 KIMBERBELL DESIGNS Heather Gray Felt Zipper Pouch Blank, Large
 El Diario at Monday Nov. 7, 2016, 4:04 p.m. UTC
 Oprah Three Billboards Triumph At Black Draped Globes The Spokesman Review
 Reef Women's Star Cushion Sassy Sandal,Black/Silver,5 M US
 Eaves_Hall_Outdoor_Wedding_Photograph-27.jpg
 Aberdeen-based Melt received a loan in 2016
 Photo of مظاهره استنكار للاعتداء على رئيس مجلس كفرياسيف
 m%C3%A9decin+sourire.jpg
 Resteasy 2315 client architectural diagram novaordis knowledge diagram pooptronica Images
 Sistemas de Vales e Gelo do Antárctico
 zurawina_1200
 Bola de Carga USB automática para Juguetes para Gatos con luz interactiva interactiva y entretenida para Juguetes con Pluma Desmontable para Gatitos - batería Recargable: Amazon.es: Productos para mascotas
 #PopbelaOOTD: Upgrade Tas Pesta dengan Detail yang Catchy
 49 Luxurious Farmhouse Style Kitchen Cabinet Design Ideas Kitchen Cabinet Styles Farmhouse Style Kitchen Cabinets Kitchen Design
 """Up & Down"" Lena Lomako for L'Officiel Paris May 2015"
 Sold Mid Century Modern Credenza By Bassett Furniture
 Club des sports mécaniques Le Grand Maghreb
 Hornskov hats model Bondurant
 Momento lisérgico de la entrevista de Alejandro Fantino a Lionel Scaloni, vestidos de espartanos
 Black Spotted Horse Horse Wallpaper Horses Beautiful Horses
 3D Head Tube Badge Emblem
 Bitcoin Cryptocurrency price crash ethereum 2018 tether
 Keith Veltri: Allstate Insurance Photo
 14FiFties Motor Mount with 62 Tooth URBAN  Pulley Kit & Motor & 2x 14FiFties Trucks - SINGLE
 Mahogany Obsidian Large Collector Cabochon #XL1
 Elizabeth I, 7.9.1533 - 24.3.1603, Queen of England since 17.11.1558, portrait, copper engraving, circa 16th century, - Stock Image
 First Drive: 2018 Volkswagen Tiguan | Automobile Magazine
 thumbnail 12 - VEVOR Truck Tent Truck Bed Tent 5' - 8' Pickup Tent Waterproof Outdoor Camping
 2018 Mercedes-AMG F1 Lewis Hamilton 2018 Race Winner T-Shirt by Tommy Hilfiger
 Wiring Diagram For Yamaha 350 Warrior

**Exercise description:** Taking the line that contains "Elizabeth I, 7.9.1533" as the first, reproduce every line through the end of the entries exactly.

**Your response:**
 Elizabeth I, 7.9.1533 - 24.3.1603, Queen of England since 17.11.1558, portrait, copper engraving, circa 16th century, - Stock Image
 First Drive: 2018 Volkswagen Tiguan | Automobile Magazine
 thumbnail 12 - VEVOR Truck Tent Truck Bed Tent 5' - 8' Pickup Tent Waterproof Outdoor Camping
 2018 Mercedes-AMG F1 Lewis Hamilton 2018 Race Winner T-Shirt by Tommy Hilfiger
 Wiring Diagram For Yamaha 350 Warrior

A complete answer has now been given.